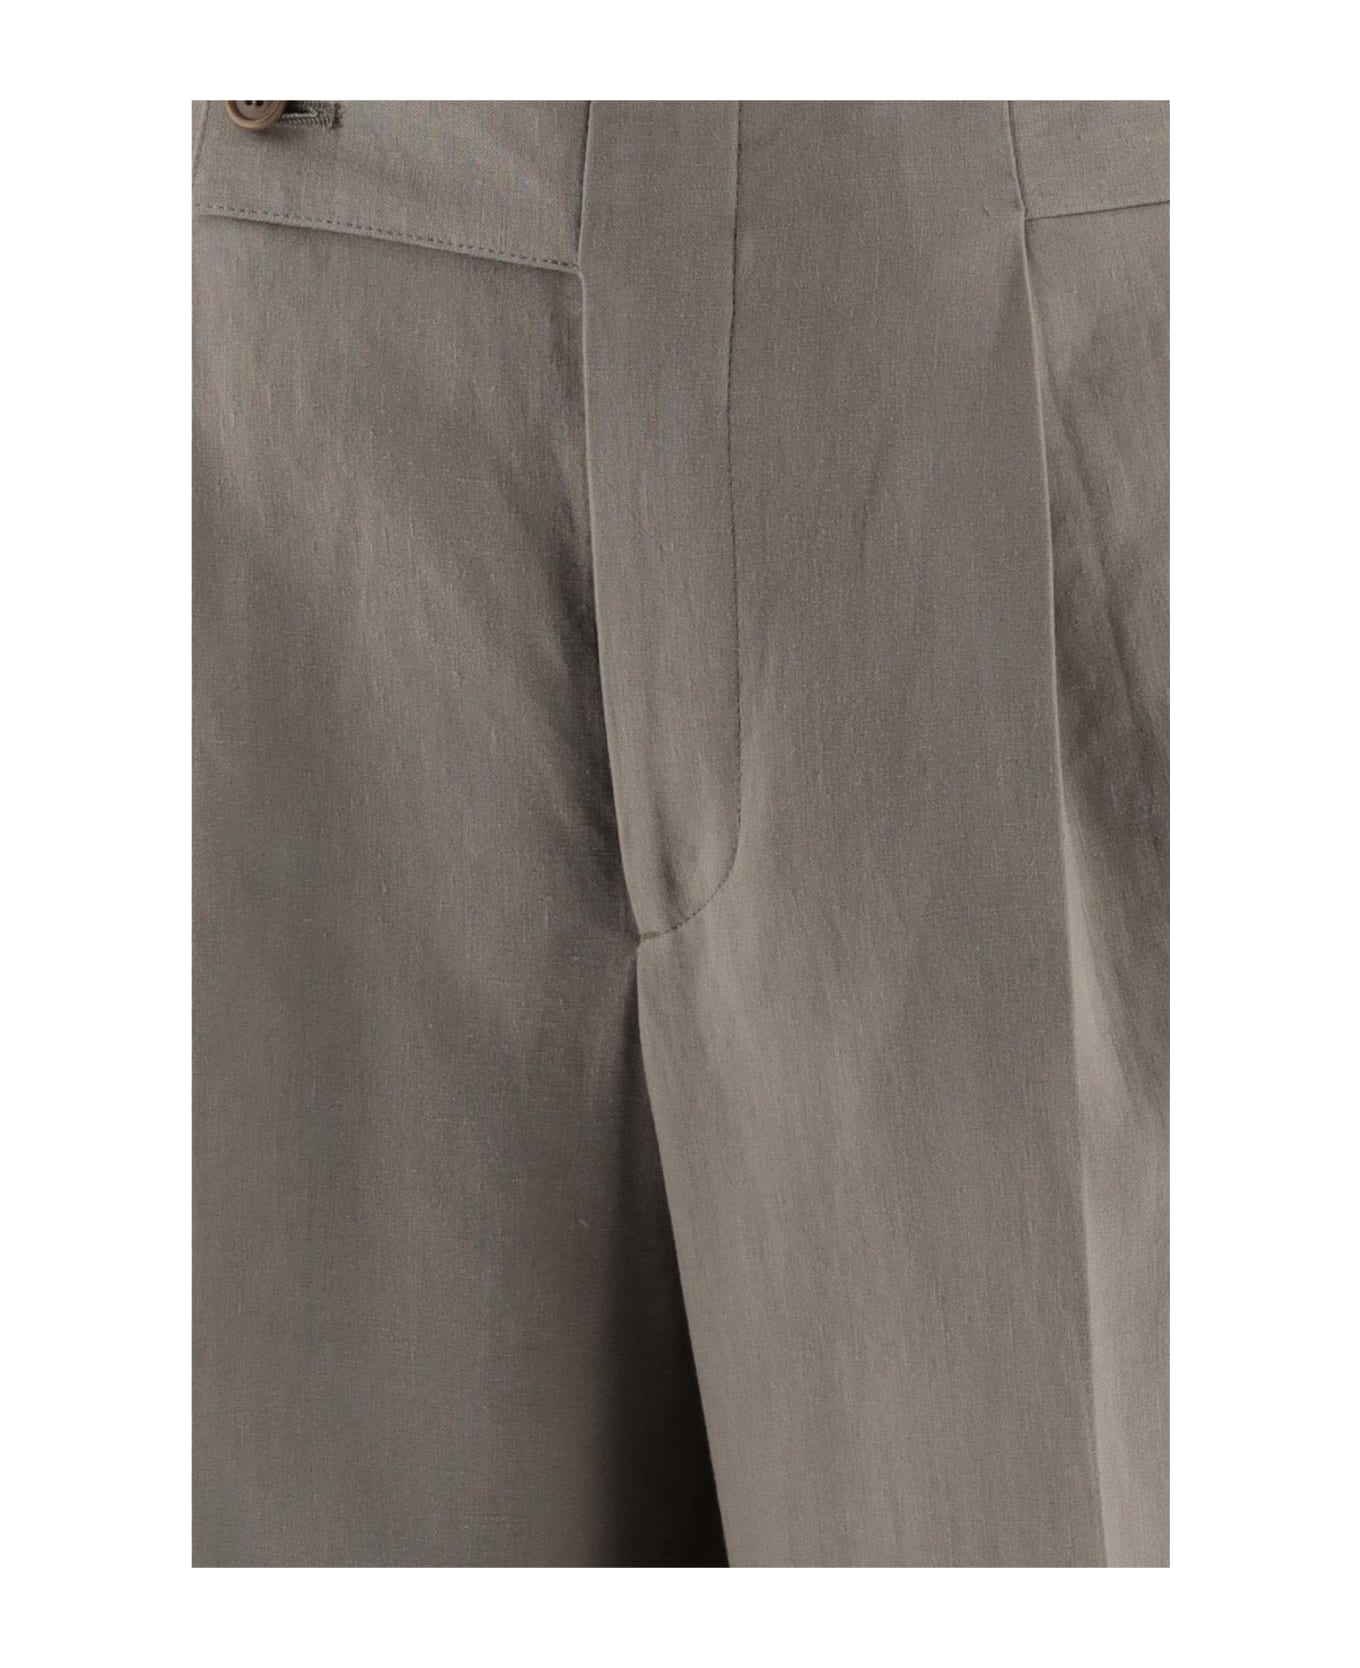 Giorgio Armani Linen Tailored Pants - Beige
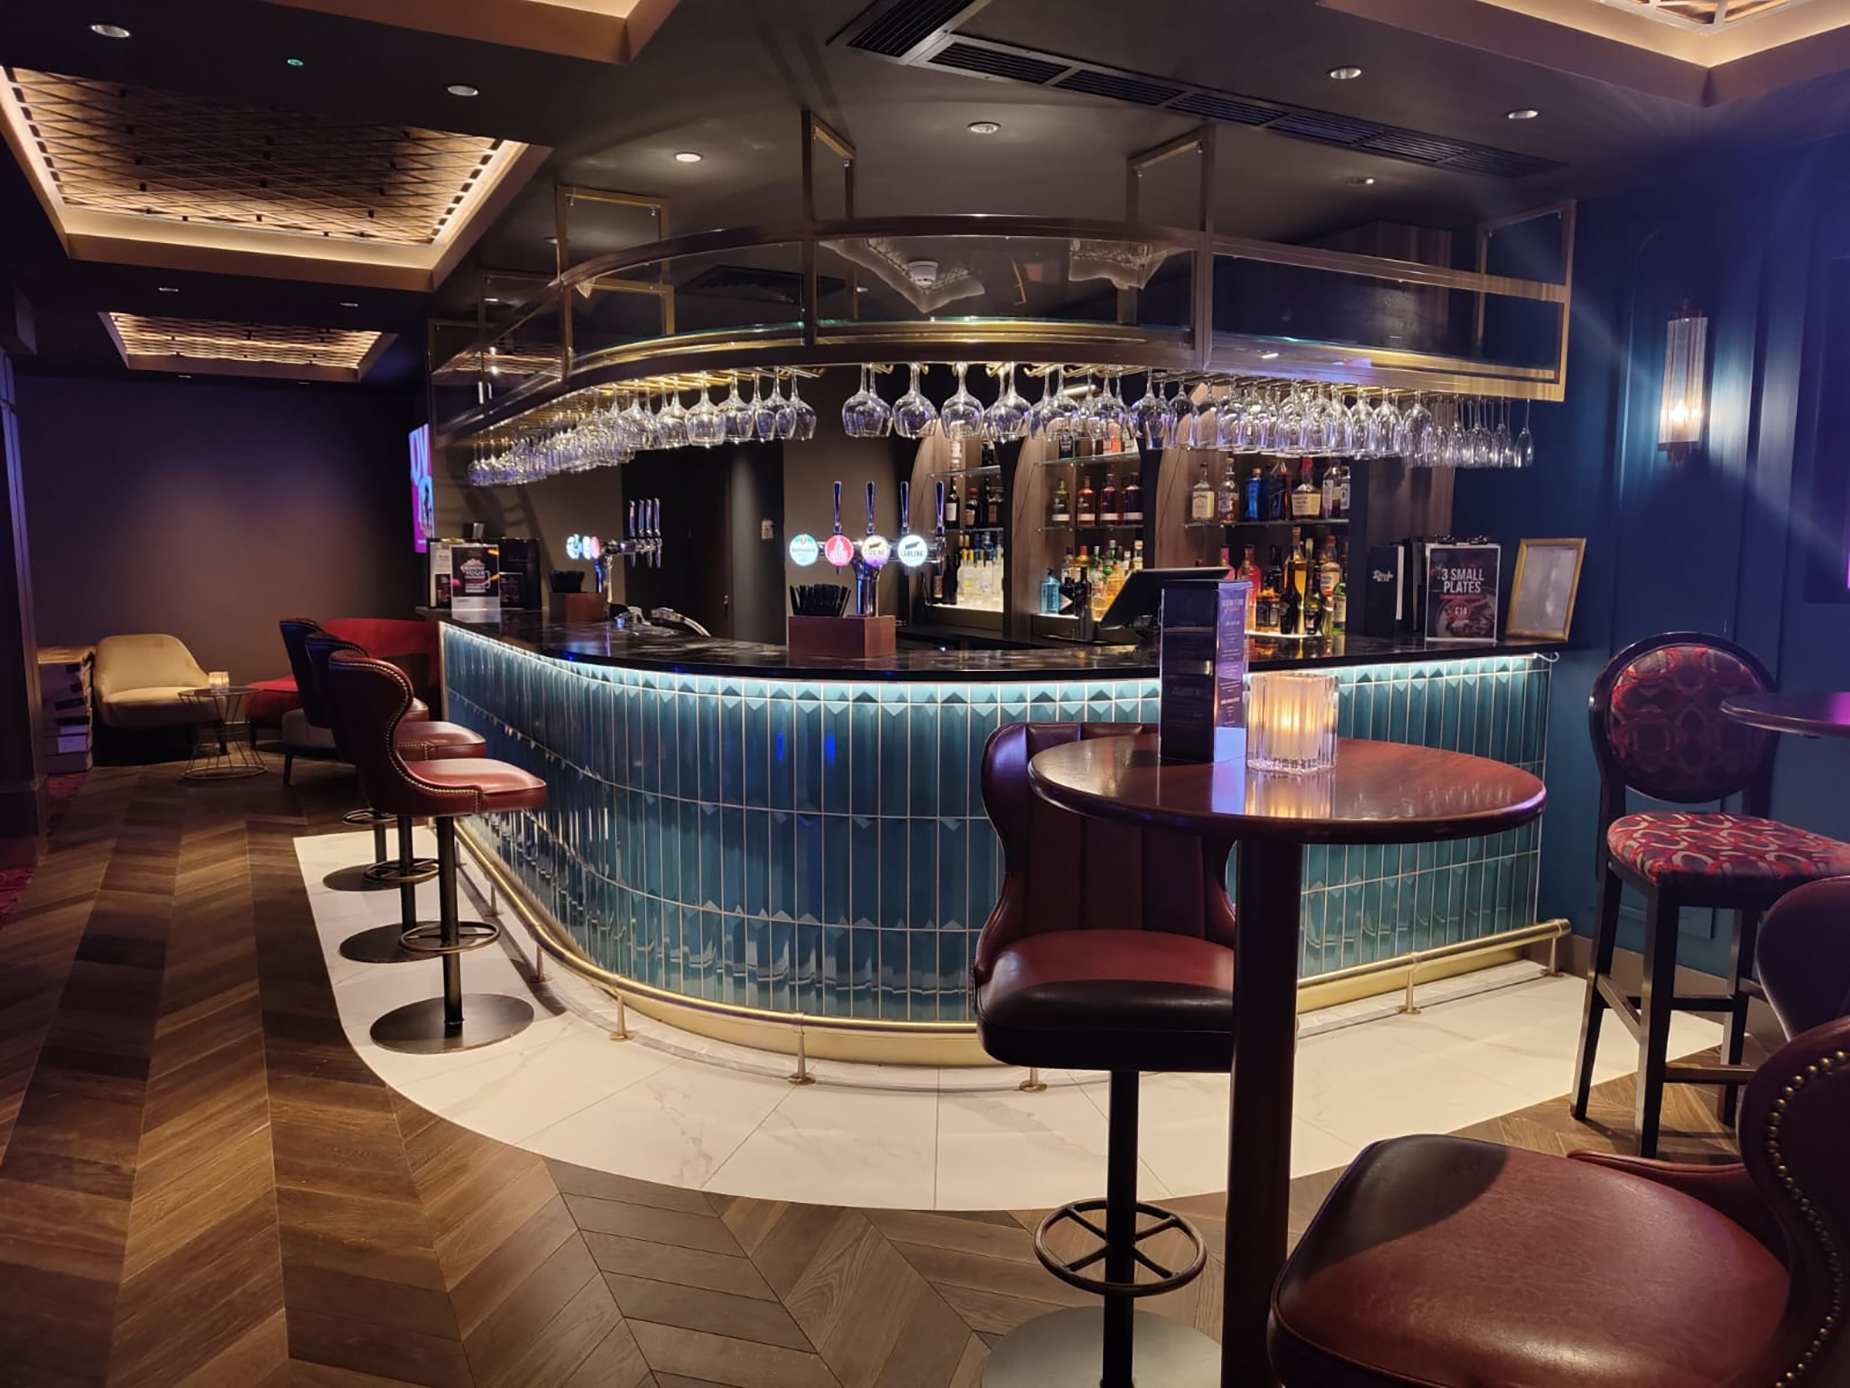 Napoleons Casinos & Restaurant, Bradford
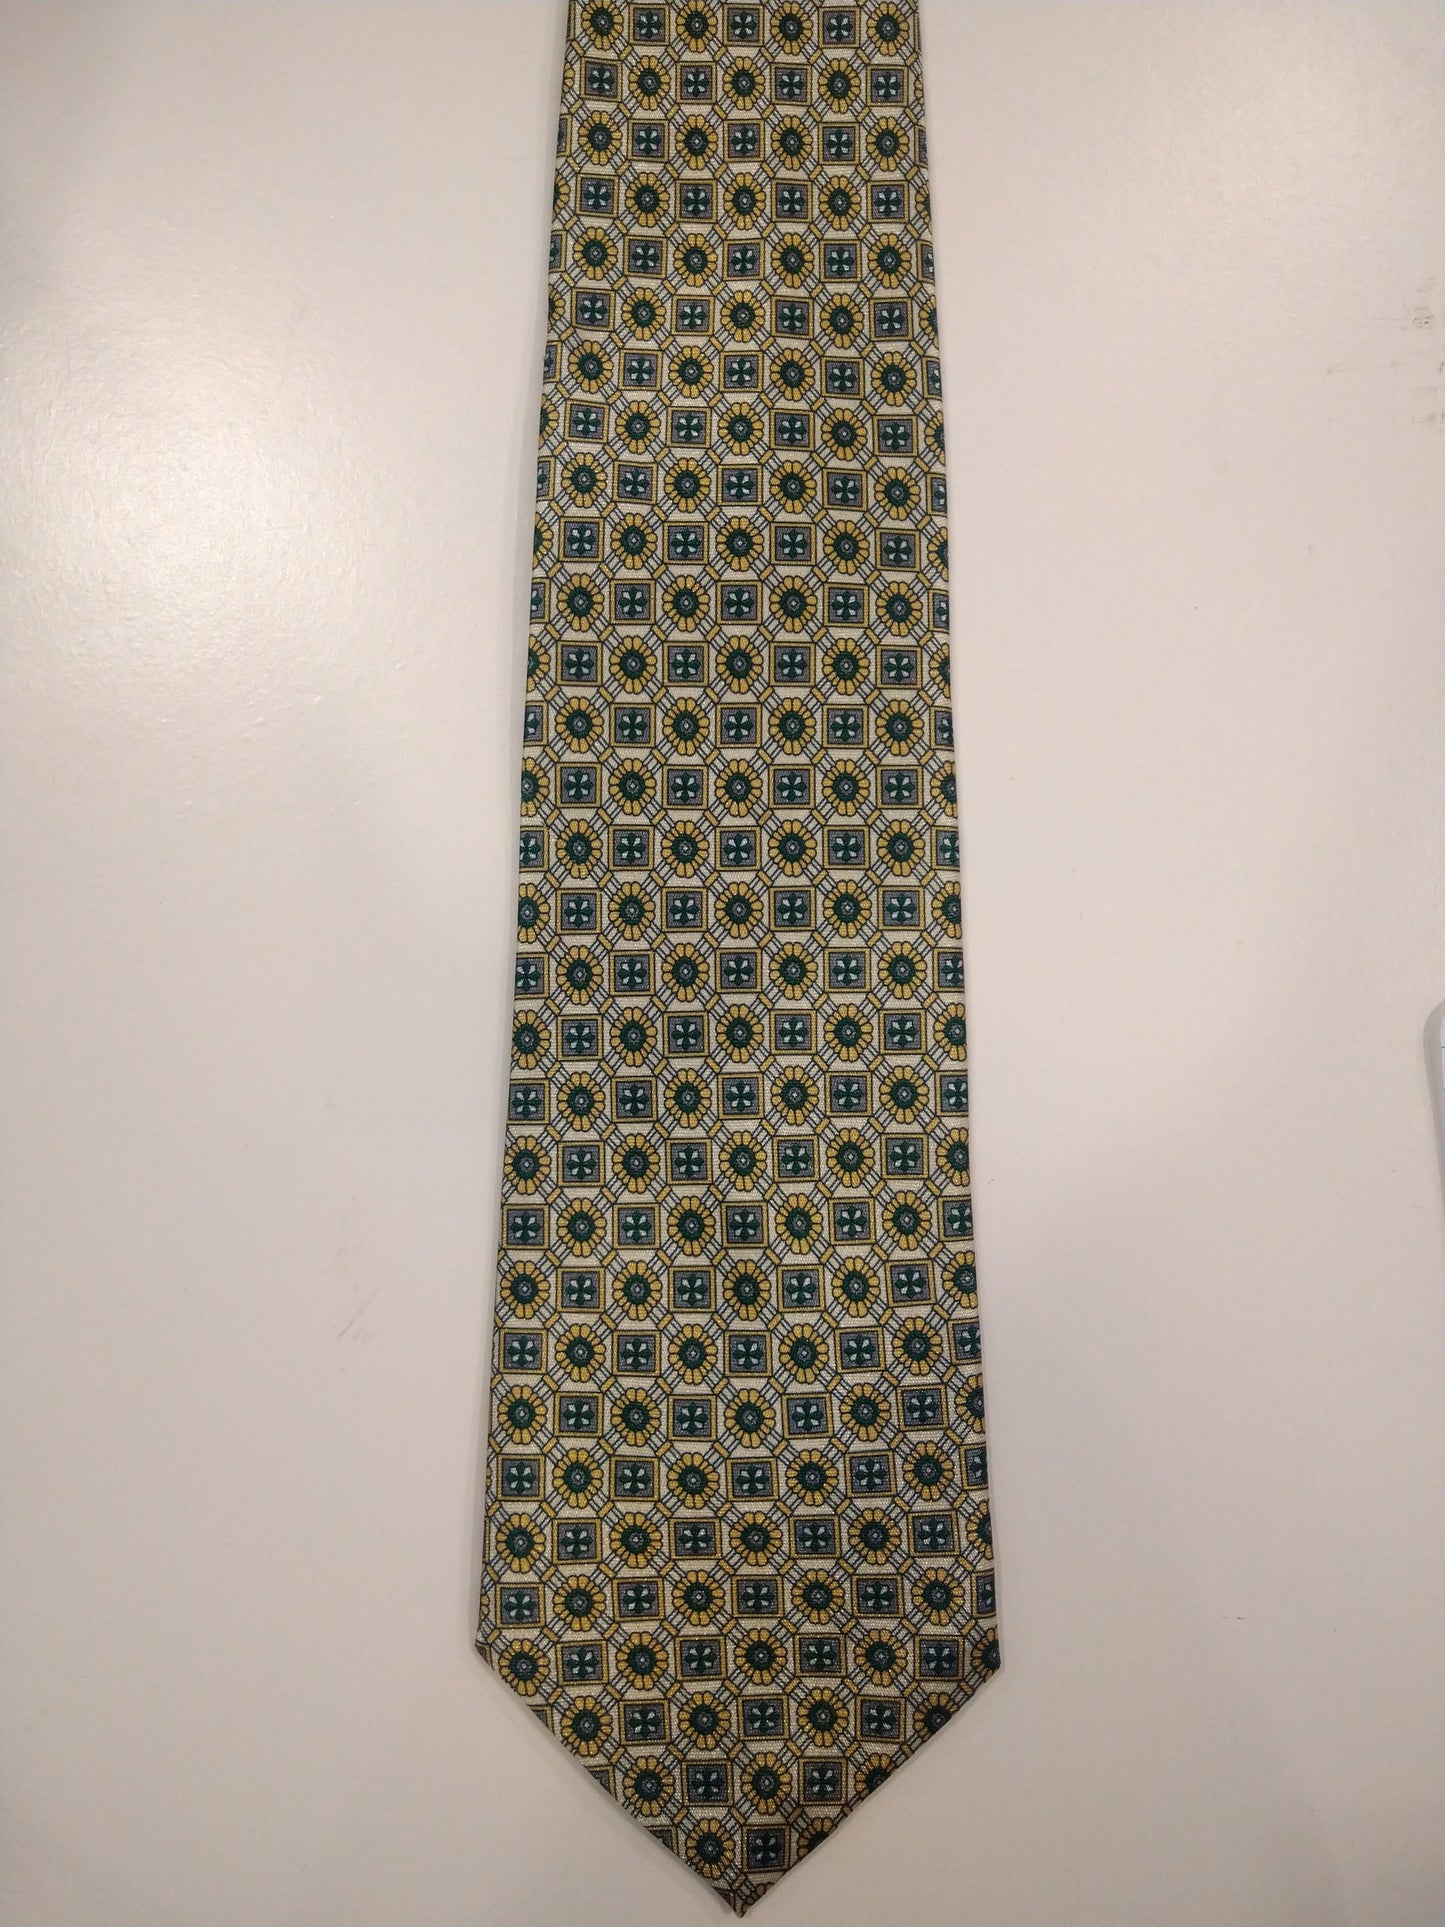 Jundipai la corbata de poliéster suave. Green beige Gold Motif brillante.

- [TASK GOAL]:
Without the pictures, transcribe the listing exactly as it stands.

- [EXERCISE RESULT]:
 Giorgio Armani Linen Tailored Pants - Beige
 Napoleons Casinos & Restaurant, Bradford
 Jundipai la corbata de poliéster suave. Green beige Gold Motif brillante.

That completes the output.